The default MergePolicy is TieredMergePolicy.
Note
This API is experimental and might change in incompatible ways in the next release.
Inheritance
Implements
Inherited Members
Namespace: Lucene.Net.Index
Assembly: Lucene.Net.dll
Syntax
public abstract class MergePolicy : IDisposable
Constructors
MergePolicy()
Creates a new merge policy instance. Note that if you intend to use it without passing it to IndexWriter, you should call SetIndexWriter(IndexWriter).
Declaration
protected MergePolicy()
MergePolicy(double, long)
Creates a new merge policy instance with default settings for m_noCFSRatio and m_maxCFSSegmentSize. This ctor should be used by subclasses using different defaults than the MergePolicy
Declaration
protected MergePolicy(double defaultNoCFSRatio, long defaultMaxCFSSegmentSize)
Parameters
Type | Name | Description |
---|---|---|
double | defaultNoCFSRatio | |
long | defaultMaxCFSSegmentSize |
Fields
DEFAULT_MAX_CFS_SEGMENT_SIZE
Default max segment size in order to use compound file system. Set to MaxValue.
Declaration
protected static readonly long DEFAULT_MAX_CFS_SEGMENT_SIZE
Field Value
Type | Description |
---|---|
long |
DEFAULT_NO_CFS_RATIO
Default ratio for compound file system usage. Set to 1.0
, always use
compound file system.
Declaration
protected static readonly double DEFAULT_NO_CFS_RATIO
Field Value
Type | Description |
---|---|
double |
m_maxCFSSegmentSize
If the size of the merged segment exceeds this value then it will not use compound file format.
Declaration
protected long m_maxCFSSegmentSize
Field Value
Type | Description |
---|---|
long |
m_noCFSRatio
If the size of the merge segment exceeds this ratio of the total index size then it will remain in non-compound format
Declaration
protected double m_noCFSRatio
Field Value
Type | Description |
---|---|
double |
m_writer
IndexWriter that contains this instance.
Declaration
protected SetOnce<IndexWriter> m_writer
Field Value
Type | Description |
---|---|
SetOnce<IndexWriter> |
Properties
MaxCFSSegmentSizeMB
Gets or Sets the largest size allowed for a compound file segment.

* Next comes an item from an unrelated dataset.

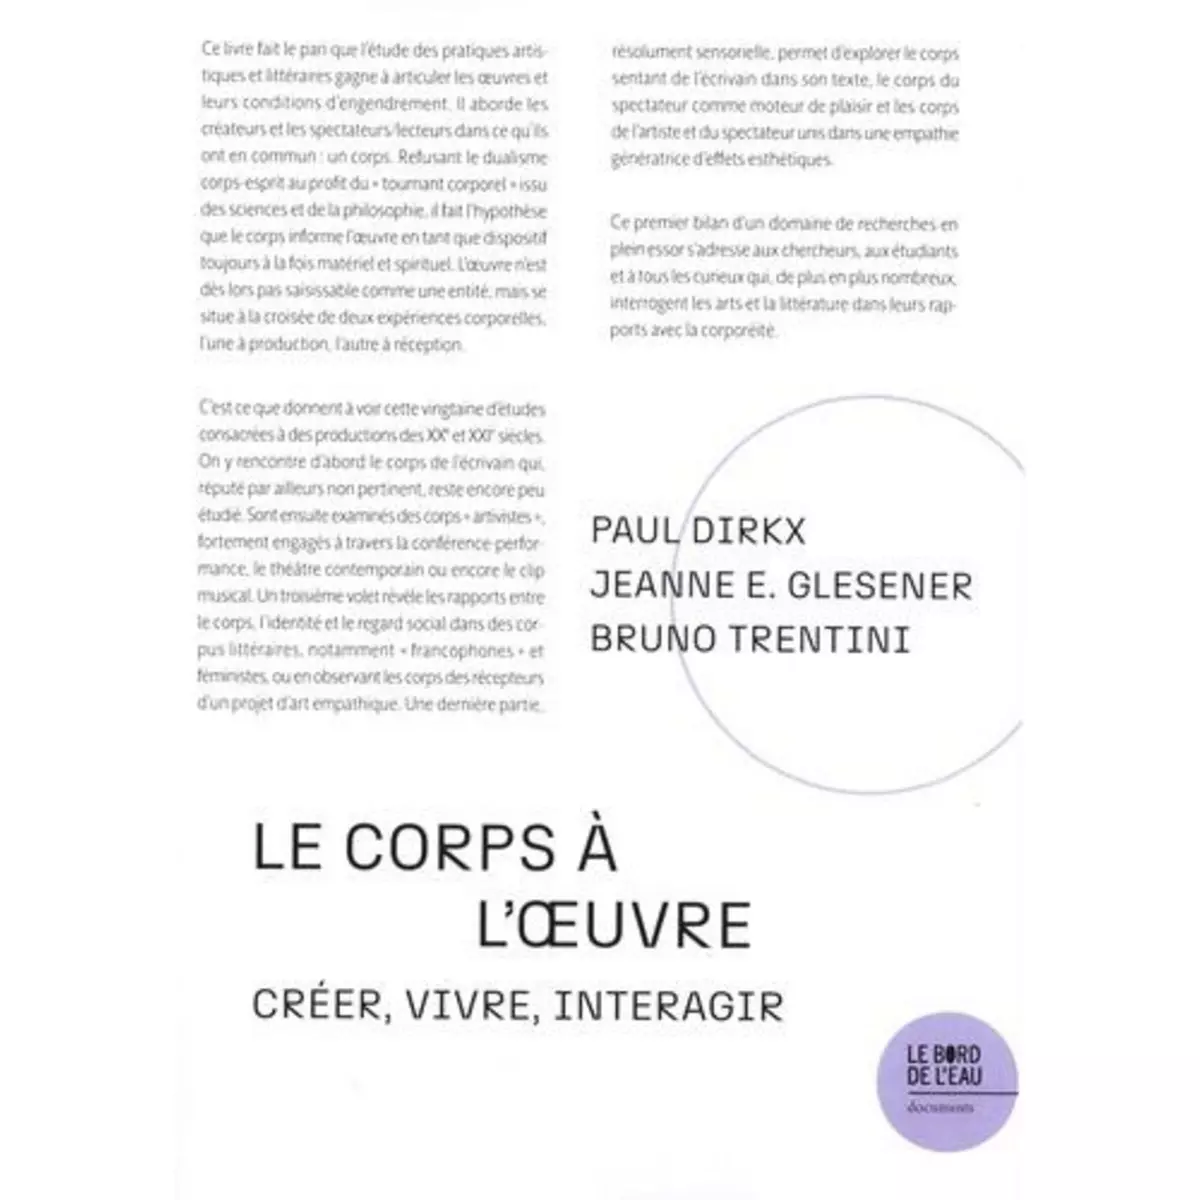  LE CORPS A L'OEUVRE. CREER, VIVRE, INTERAGIR, Dirkx Paul

If a merged segment will be more than this value, leave the segment as non-compound file even if compound file is enabled. Set this to PositiveInfinity (default) and NoCFSRatio to 1.0 to always use CFS regardless of merge size.Declaration
public double MaxCFSSegmentSizeMB { get; set; }
Property Value
Type | Description |
---|---|
double |
NoCFSRatio
Gets or Sets current m_noCFSRatio.
If a merged segment will be more than this percentage of the total size of the index, leave the segment as non-compound file even if compound file is enabled. Set to 1.0 to always use CFS regardless of merge size.Declaration
public double NoCFSRatio { get; set; }
Property Value
Type | Description |
---|---|
double |
Methods
Clone()
Expert: a MergePolicy determines the sequence of primitive merge operations.

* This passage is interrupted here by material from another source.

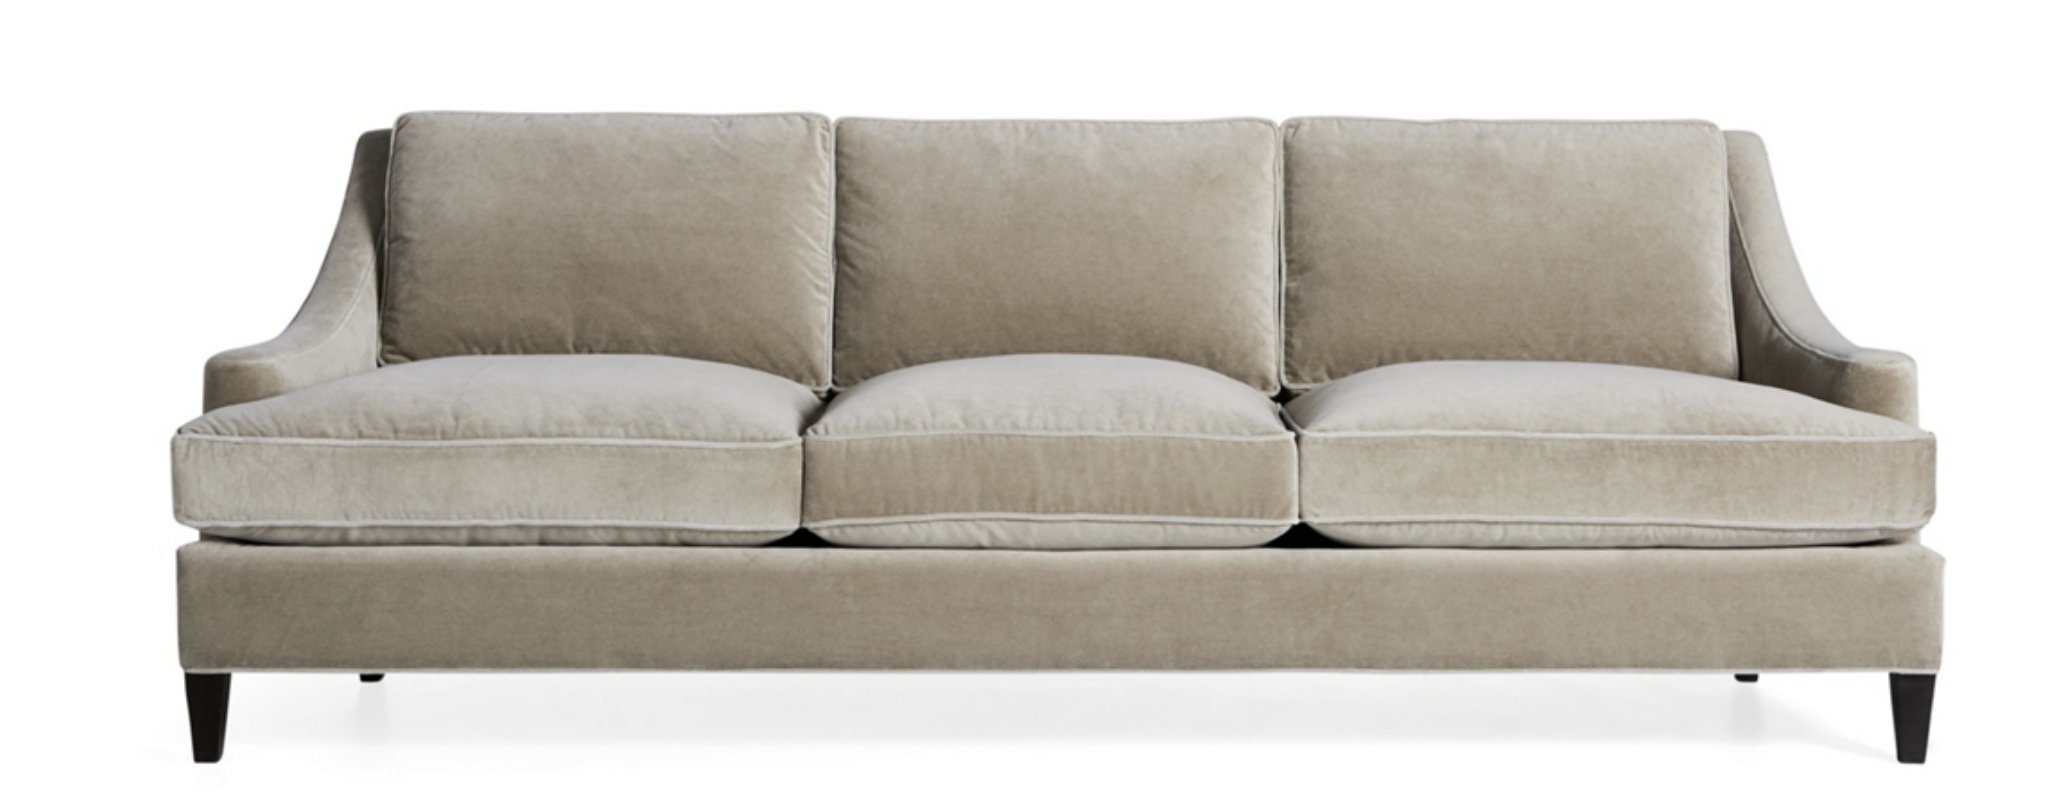 roxy sofa - Image 0

Whenever the segments in an index have been altered by IndexWriter, either the addition of a newly flushed segment, addition of many segments from AddIndexes* calls, or a previous merge that may now need to cascade, IndexWriter invokes FindMerges(MergeTrigger, SegmentInfos) to give the MergePolicy a chance to pick merges that are now required. This method returns a MergePolicy.MergeSpecification instance describing the set of merges that should be done, or null if no merges are necessary. When ForceMerge(int) is called, it calls FindForcedMerges(SegmentInfos, int, IDictionary<SegmentCommitInfo, bool>) and the MergePolicy should then return the necessary merges.
Note that the policy can return more than one merge at a time. In this case, if the writer is using SerialMergeScheduler, the merges will be run sequentially but if it is using ConcurrentMergeScheduler they will be run concurrently.
The default MergePolicy is TieredMergePolicy.
Note
This API is experimental and might change in incompatible ways in the next release.
Declaration
public virtual object Clone()
Returns
Type | Description |
---|---|
object |
Dispose()
Release all resources for the policy.
Declaration
public void Dispose()
Dispose(bool)
Release all resources for the policy.
Declaration
protected abstract void Dispose(bool disposing)
Parameters
Type | Name | Description |
---|---|---|
bool | disposing |
FindForcedDeletesMerges(SegmentInfos)
Determine what set of merge operations is necessary in order to expunge all deletes from the index.
Declaration
public abstract MergePolicy.MergeSpecification FindForcedDeletesMerges(SegmentInfos segmentInfos)
Parameters
Type | Name | Description |
---|---|---|
SegmentInfos | segmentInfos | the total set of segments in the index |
Returns
Type | Description |
---|---|
MergePolicy.MergeSpecification |
FindForcedMerges(SegmentInfos, int, IDictionary<SegmentCommitInfo, bool>)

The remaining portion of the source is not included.